Phoenix LiveView enables rich, real-time user experiences with server-rendered HTML.
After you install Elixir in your machine, you can create your first LiveView app in two steps:
$ mix archive.install hex phx_new $ mix phx.new demo --live
News from the Phoenix team on LiveView:
See our existing comprehensive docs and examples to get up to speed:
- Phoenix.LiveViewTest for testing docs
- LiveView example repo with a handful of examples from Weather widgets, autocomplete search, and games like Snake or Pacman
There are currently two methods for installing LiveView. For projects that require more stability, it is recommended that you install using the installation guide on HexDocs. If you want to use the latest features, you should follow the instructions given in the markdown file here.
What makes LiveView unique?
LiveView is server centric. You no longer have to worry about managing both client and server to keep things in sync. LiveView automatically updates the client as changes happen on the server.
LiveView is first rendered statically as part of regular HTTP requests, which provides quick times for "First Meaningful Paint", in addition to helping search and indexing engines.
Then LiveView uses a persistent connection between client and server.

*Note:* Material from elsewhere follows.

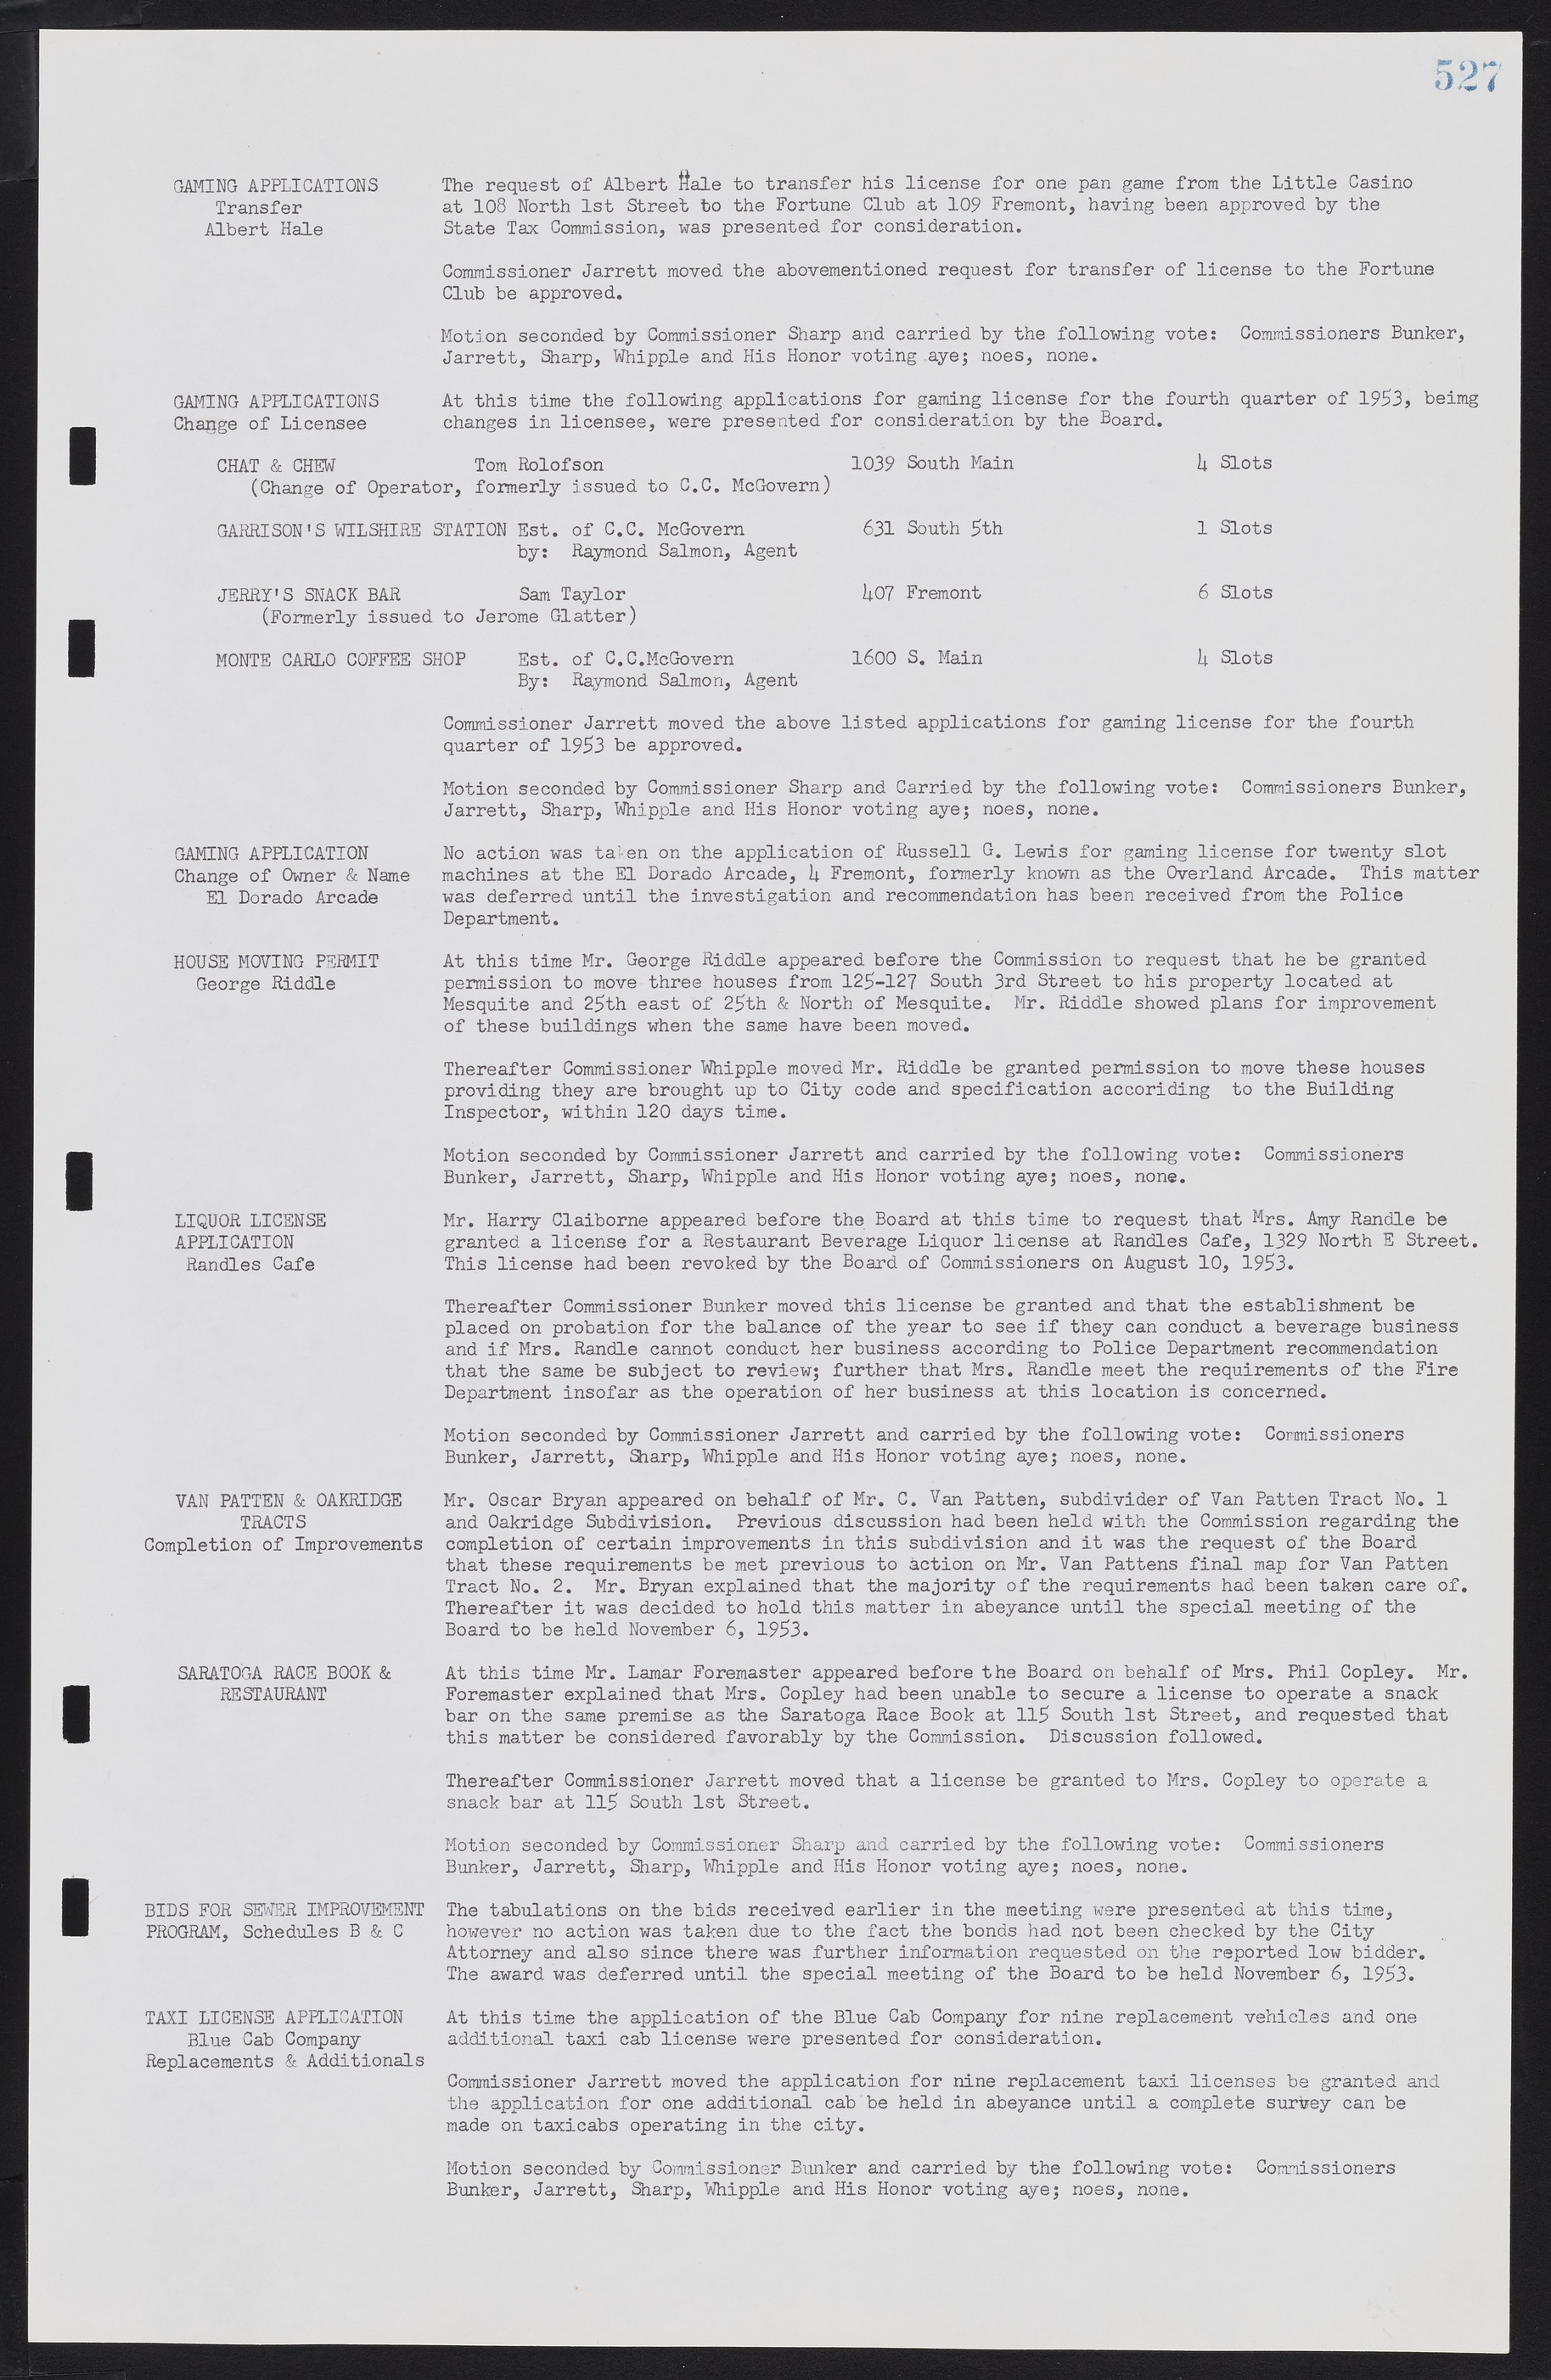 Las Vegas City Commission Minutes, May 26, 1952 to February 17, 1954, lvc000008-557
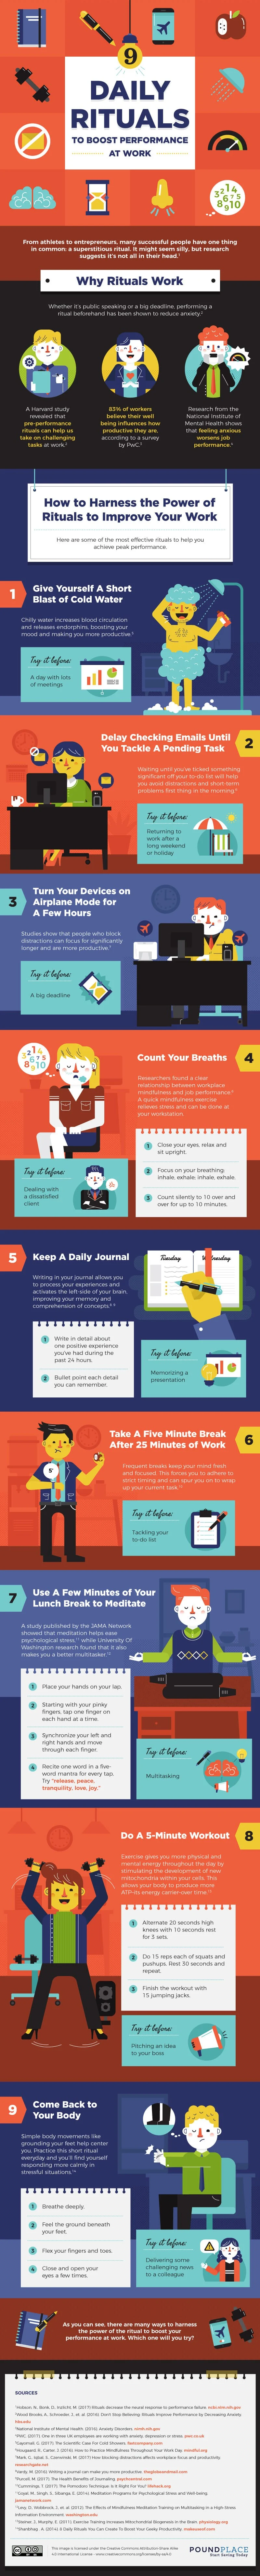 Improve Your Work Performance with These 9 Daily Rituals - #infographic

This allows LiveView applications to react faster to user events as there is less work to be done and less data to be sent compared to stateless requests that have to authenticate, decode, load, and encode data on every request.
When LiveView was first announced, many developers from different backgrounds got inspired about the potential unlocked by LiveView to build rich, real-time user experiences. We believe LiveView is built on top of a solid foundation that makes LiveView hard to replicate anywhere else:
LiveView is built on top of the Elixir programming language and functional programming, which provides a great model for reasoning about your code and how your LiveView changes over time.
By building on top of a scalable platform, LiveView scales well vertically (from small to large instances) and horizontally (by adding more instances). This allows you to continue shipping features when more and more users join your application, instead of dealing with performance issues.
LiveView performs diff tracking: whenever you change a value on the server, LiveView will send to the client only the values that changed, drastically reducing the latency and the amount of data sent over the wire. This is achievable thanks to Elixir's immutability and its ability to treat code as data.
LiveView separates the static and dynamic parts of your templates. When you first render a page, Phoenix LiveView renders and sends the whole template to the browser. Then, for any new update, only the modified dynamic content is resent. This alongside diff tracking makes it so LiveView only sends a few bytes on every update, instead of sending kilobytes on every other user interaction - which would be detrimental to the user experience.
Finally, LiveView has been used by many developers and companies around the world, which helped us close the gaps in our feature set and make sure LiveView is ready for prime time. For example, you will find:
a latency simulator allows developers to simulate how their application behave under slow connections
LiveComponents help developers compartmentalize their templates, state, and event handling into reusable bits, which is essential in large applications
Live navigation enriches links and redirects to only load the minimum amount of content as users navigate between pages
Fine-grained control for handling client events, DOM patching, rate limiting, and more
Testing tools that allow you to write a confident test suite without the complexity of running a whole browser alongside your tests
In other words, LiveView provides a rich feature set for great developer and user experiences.
All current Chrome, Safari, Firefox, and MS Edge are supported. IE11 support is available with the following polyfills:
$ npm install --save --prefix assets mdn-polyfills url-search-params-polyfill formdata-polyfill child-replace-with-polyfill classlist-polyfill @webcomponents/template shim-keyboard-event-key core-js
shim-keyboard-event-key polyfill is also required for MS Edge 12-18.